Rowing Machine Ad. Reproduced from Frederick William Janssen, History of American Amateur Athletics (New York: Charles R. Bourne, 1885)

Going well beyond sports, Philadelphians were joining all kinds of fraternal organizations as old social patterns frayed in a city swelling with immigrants from Ireland, Germany, and Great Britain. Rich or poor, artistic or athletic, musical or political, religious or socially concerned, people in the ever more diverse and splintered city wanted to feel as if they belonged somewhere. In droves, they sought the familiarity and camaraderie of a club, where they could make friends, share interests, and in some cases garner prestige. Even those from “the meanest boy’s gang . . . sought a sense of social place and community in club life.” By the 1870s, the city had 24 different singing societies, 91 German secret societies, and 800 private social service organizations, not to mention such rarified groups as the Philadelphia Club and the Union League.
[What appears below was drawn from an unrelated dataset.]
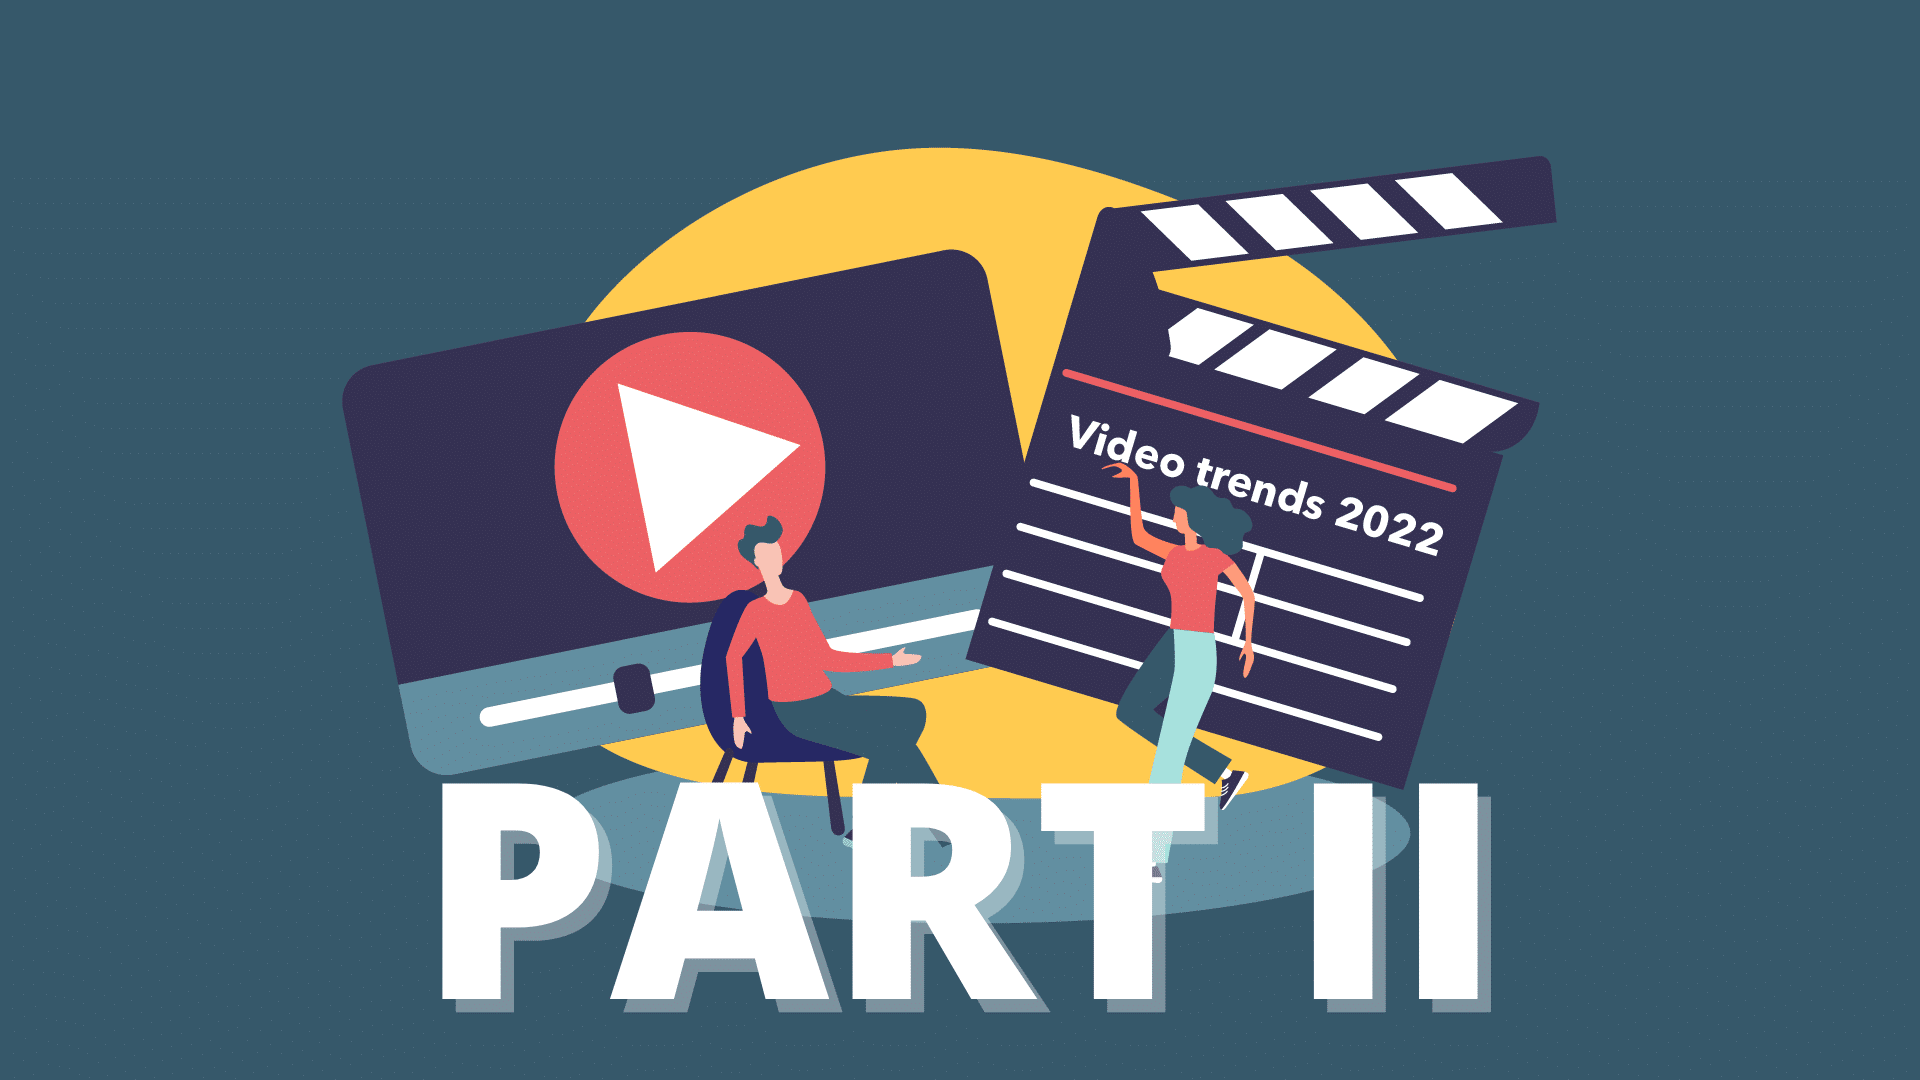 Video trends of 2022 part II
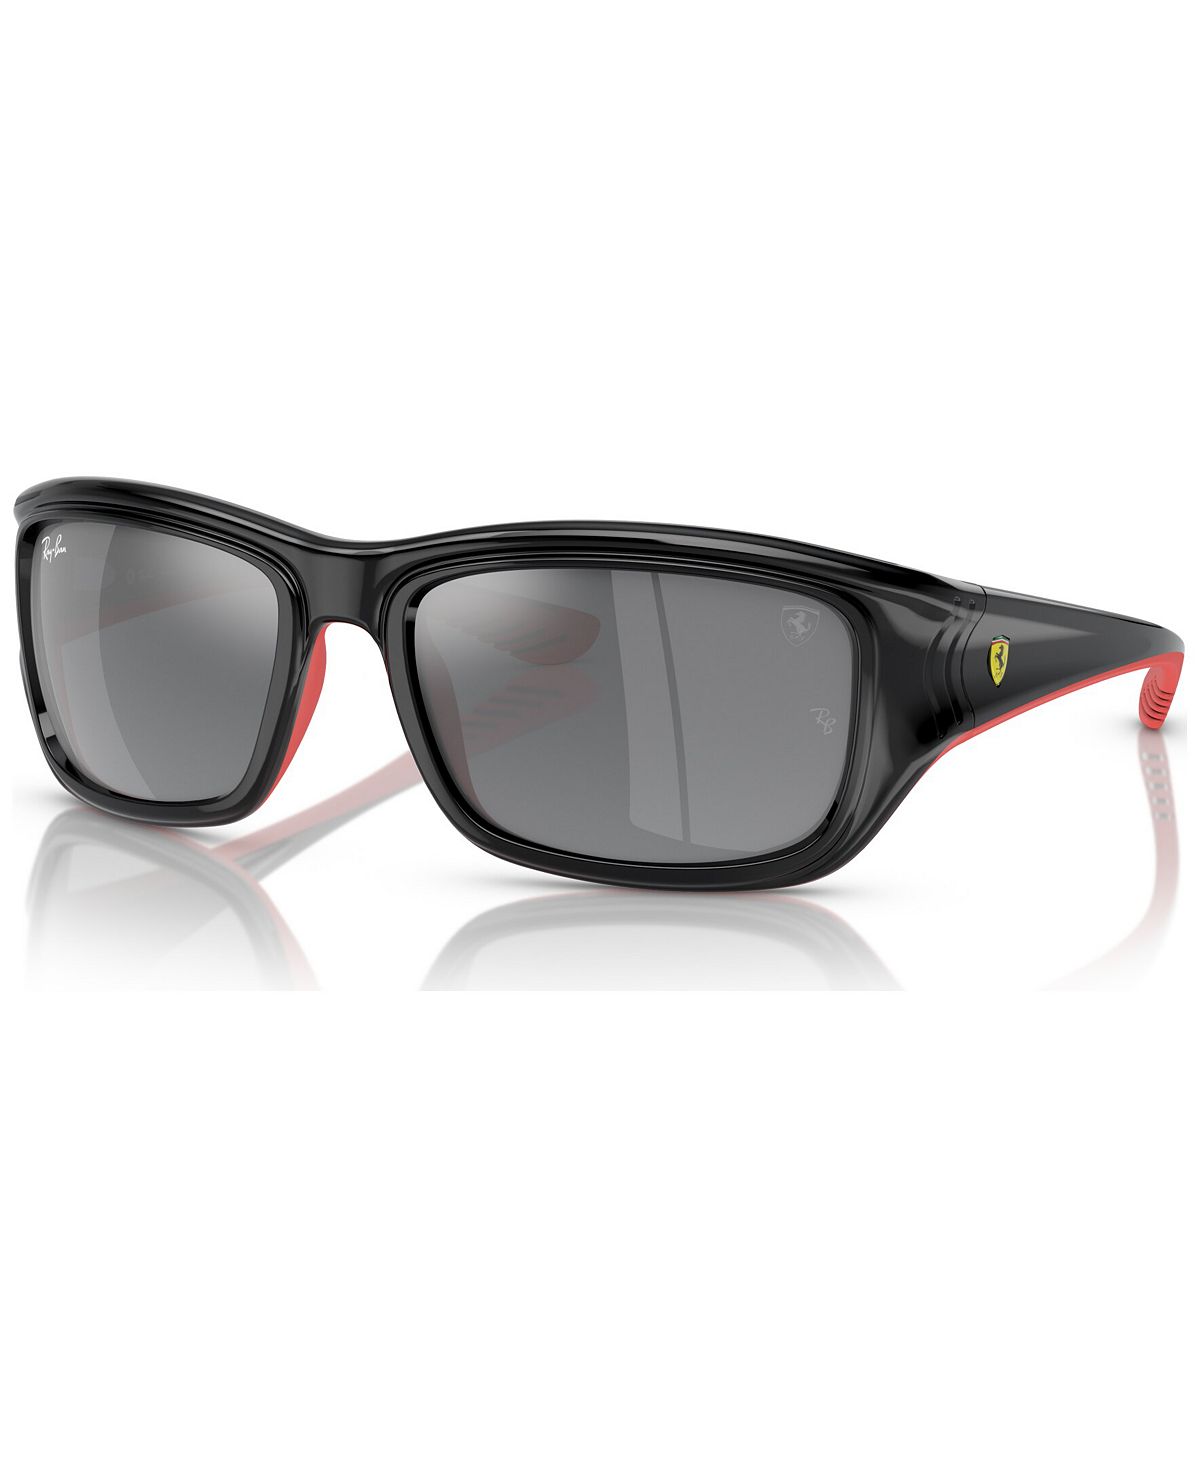 Мужские солнцезащитные очки, RB4405M Коллекция Scuderia Ferrari Ray-Ban

From this culture, boat clubs also emerged. At least two of them sprang from the city’s independent fire companies, which had a history of competition to the point of mayhem. By mid-century, Philadelphia was taking steps to consolidate and modernize firefighting into a citywide force. The neighborhood companies, each one with its own clubhouse, uniforms, social makeup, and status, began seeking other ways to maintain their brotherhood.

Some fire companies turned their energy and fellowship to the river, bringing with them their love of costume and ritual, and a nicknaming tradition. They were not necessarily made up of working-class men. The social status of volunteer firemen typically mirrored the neighborhood they served.

The Bachelors Barge Club, the oldest club in continual existence on the Row, was started by members of the Phoenix Hose Company. It covered the Center City neighborhood around 7th and 8th Streets, among the wealthiest neighborhoods in town at the time. Many of the volunteer firemen were also members of the Yes, Oui, Si Chess Club, which met in the Athenaeum Building.

One of Bachelors’ founders and its president was Israel W. Morris, whose family dated back to the Revolution. Club minutes from the 1850s reveal that Bachelors held its monthly meetings at his family mansion just off Washington Square.